• [Work to be completed] From the first line to the last, give the material again exactly, without the images.

• [Provided material]
────────────────────
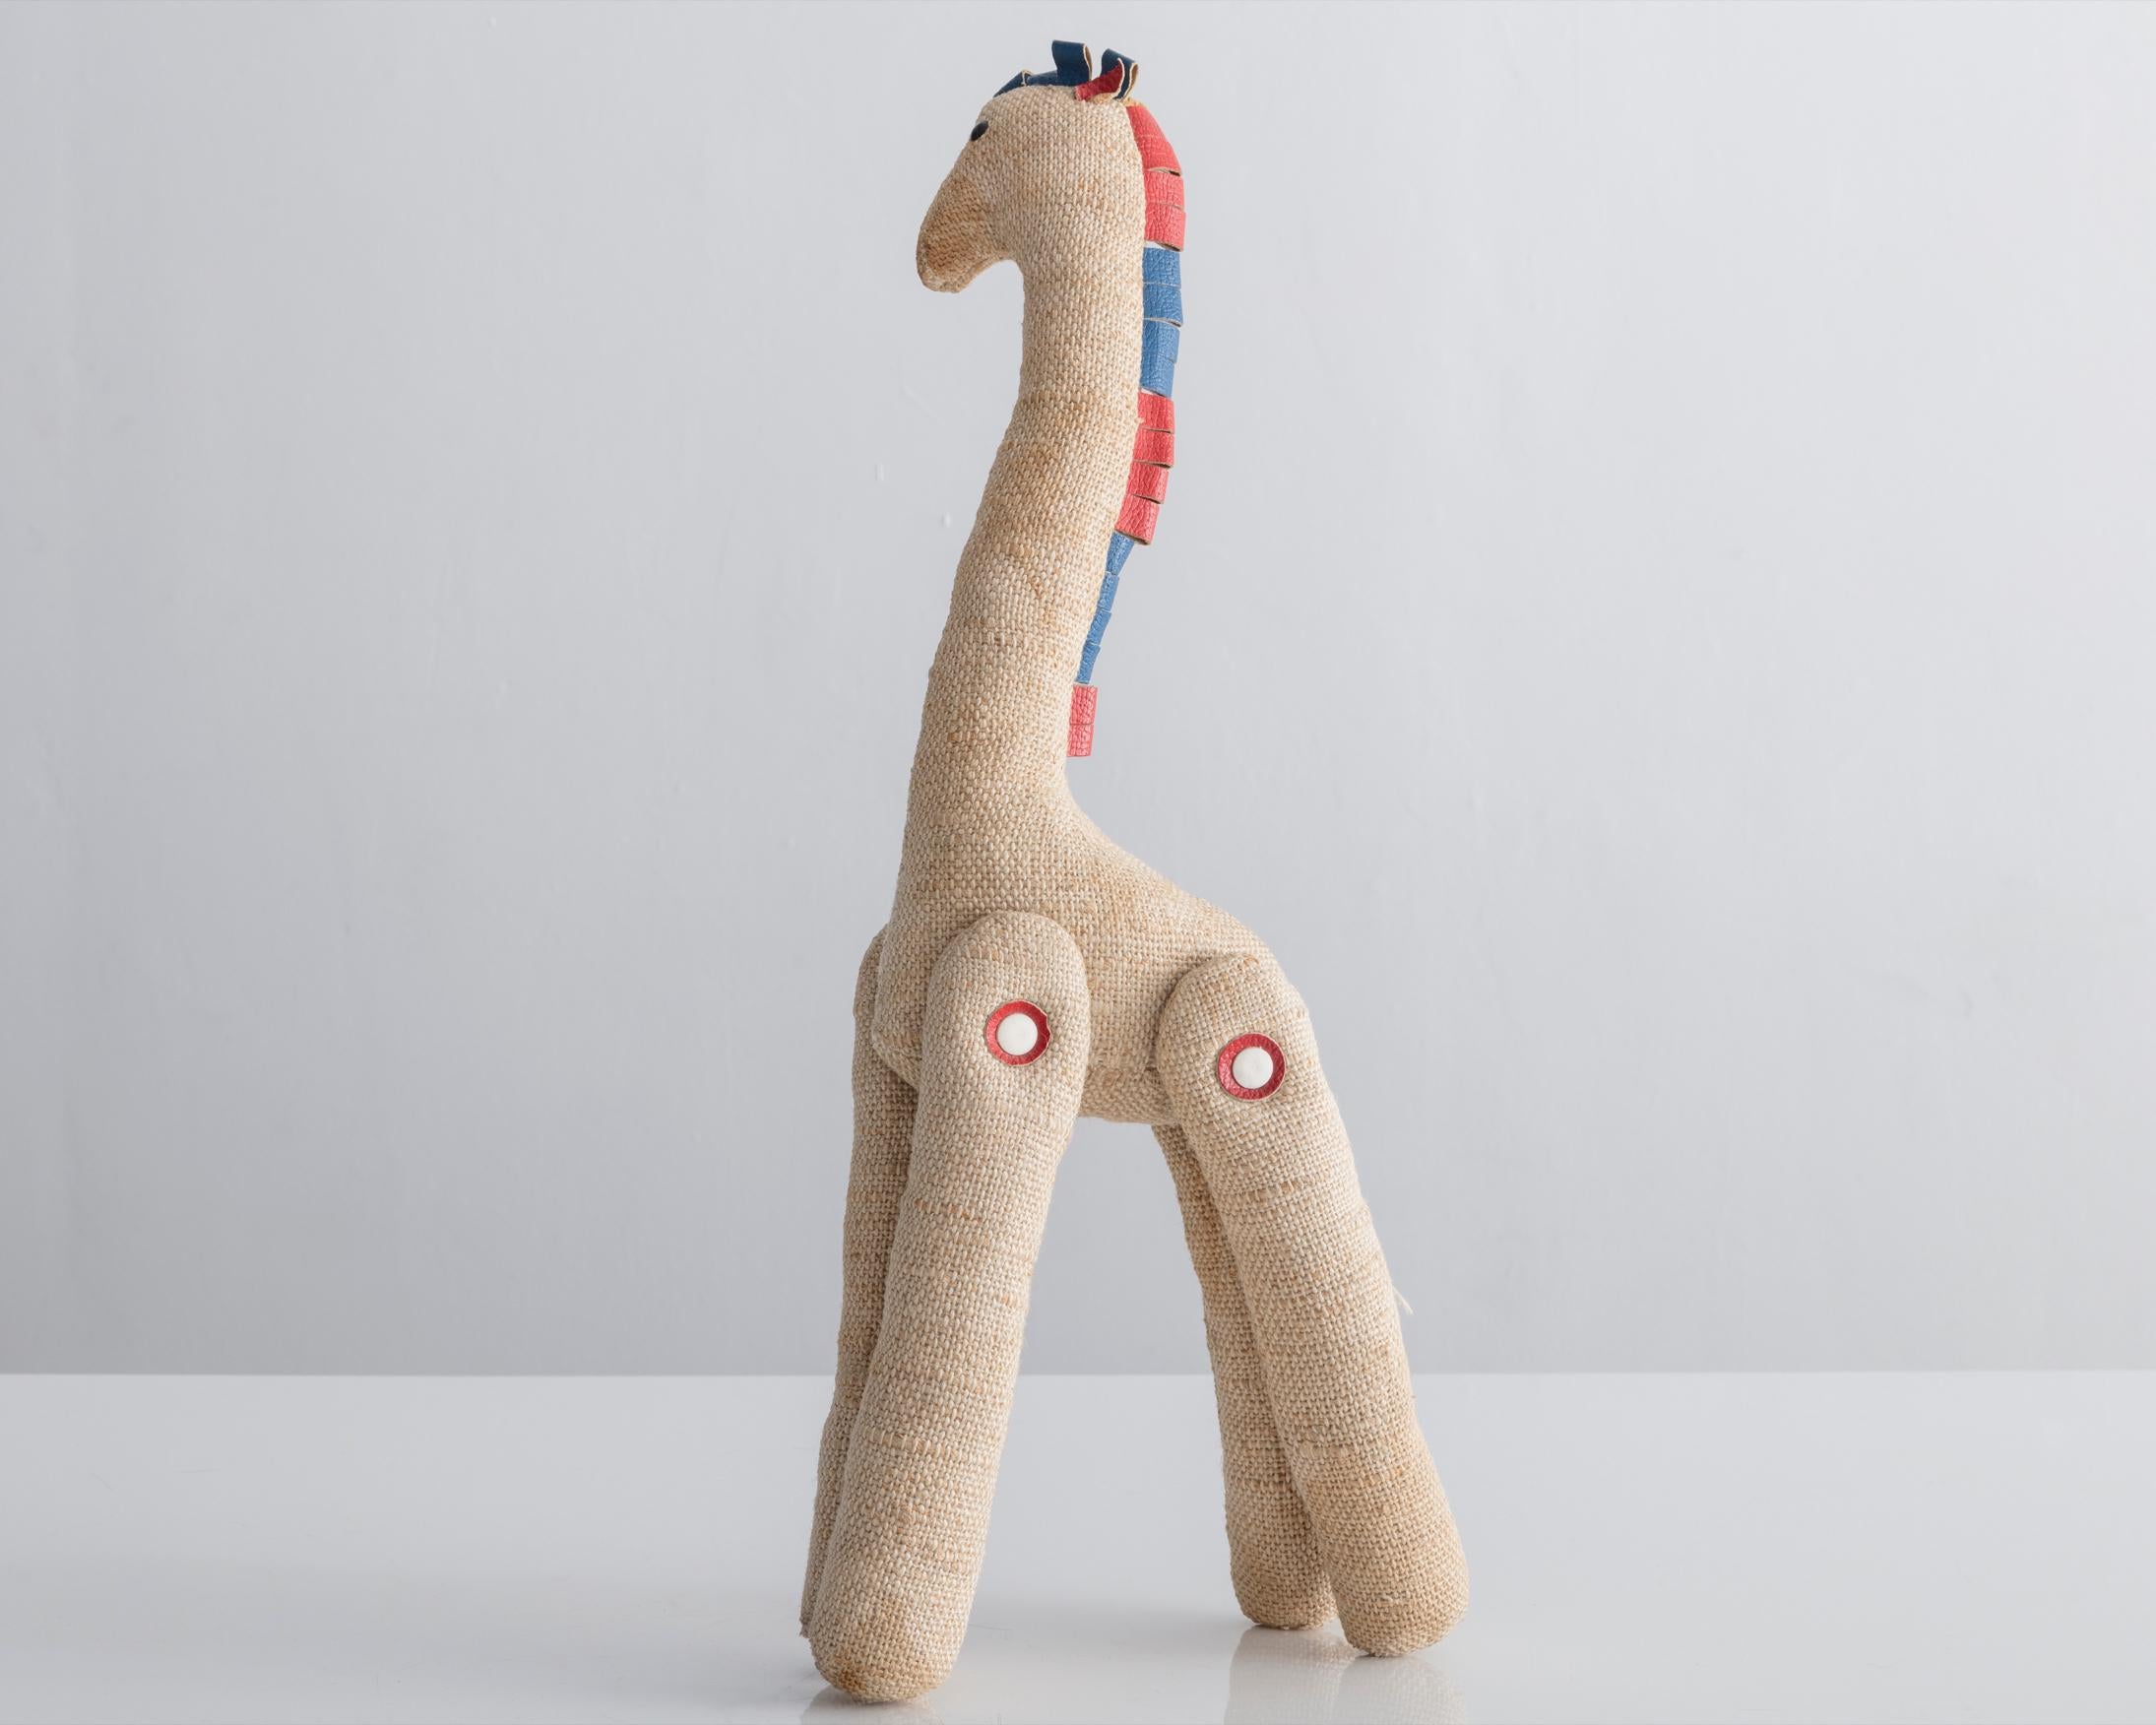 Therapeutic Toy Giraffe in natural jute with red and blue leather detailing. Designed by Renate Müller for H. Josef Leven KG, Sonneberg, Germany, circa 1968.
   
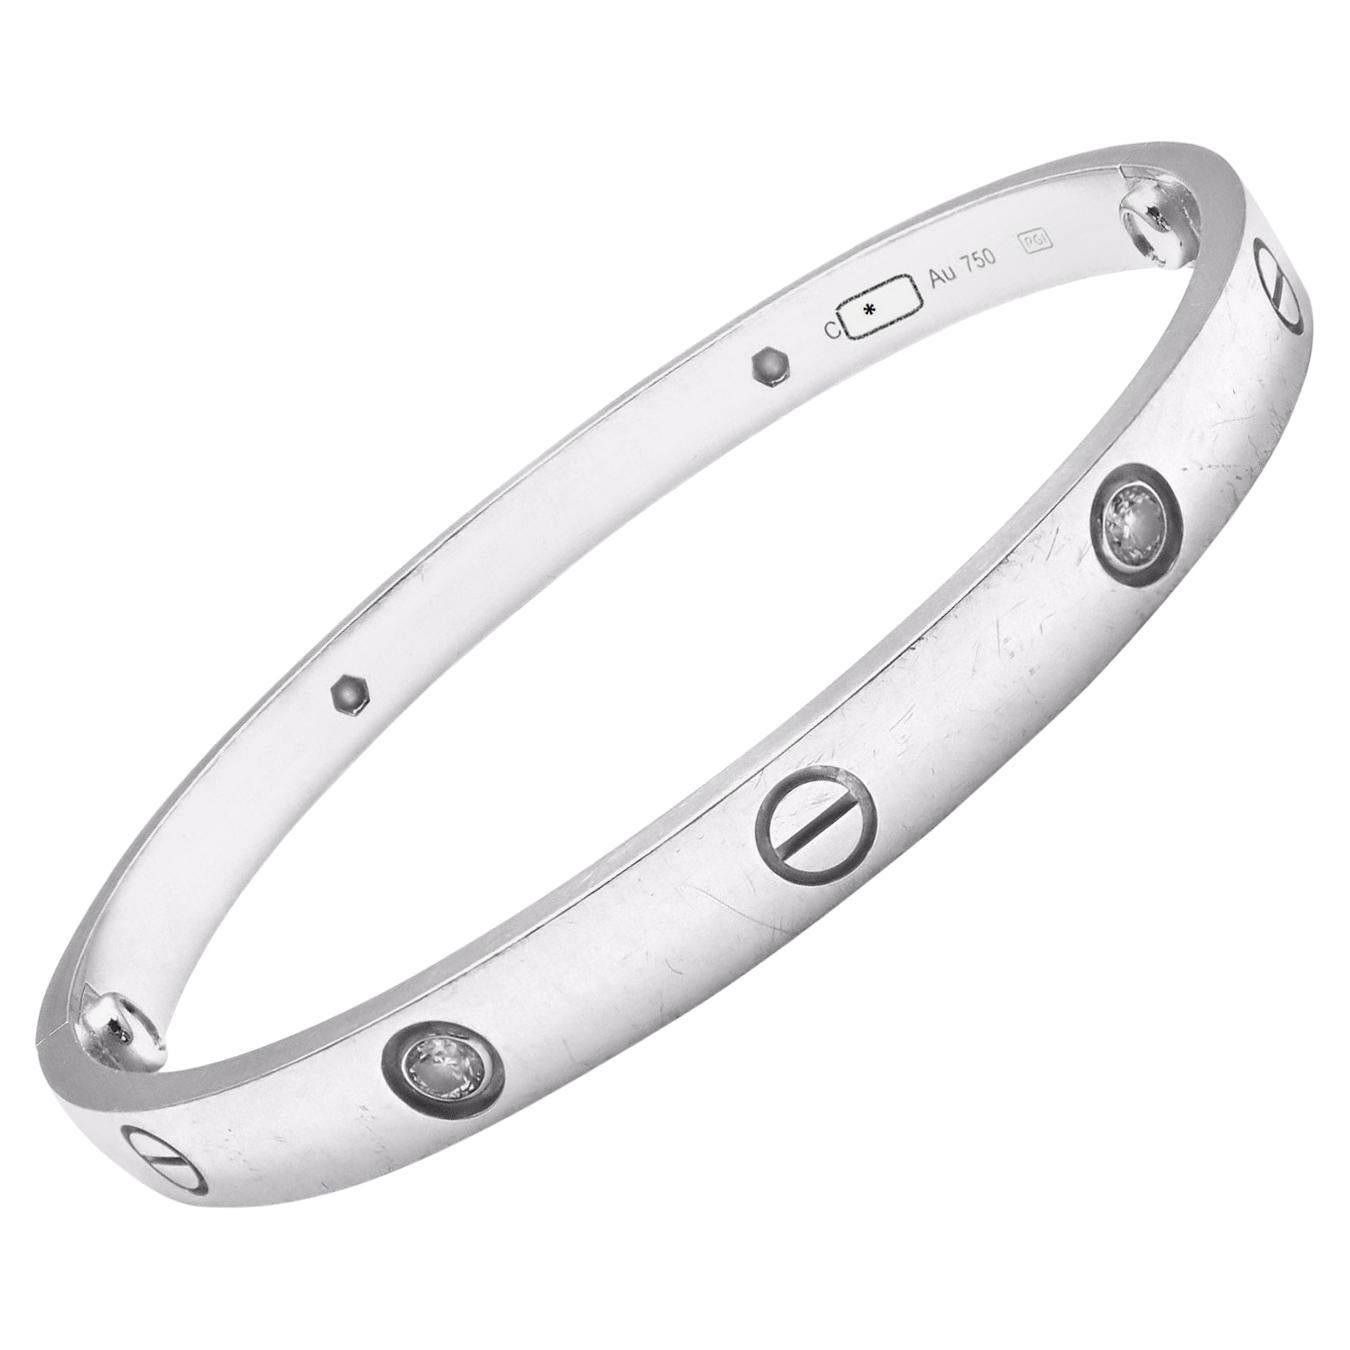 18k White Gold 4 Diamond Cartier LOVE Bangle Bracelet, size 19 with New Screw System!
With 4 brilliant round cut diamonds, VS1 clarity, E-F color total weight approx. .20ct
This bracelet comes with a Cartier box, screwdriver and a certificate of
────────────────────
• [Your response]
 Therapeutic Toy Giraffe in natural jute with red and blue leather detailing. Designed by Renate Müller for H. Josef Leven KG, Sonneberg, Germany, circa 1968.
   
 18k White Gold 4 Diamond Cartier LOVE Bangle Bracelet, size 19 with New Screw System!
With 4 brilliant round cut diamonds, VS1 clarity, E-F color total weight approx. .20ct
This bracelet comes with a Cartier box, screwdriver and a certificate of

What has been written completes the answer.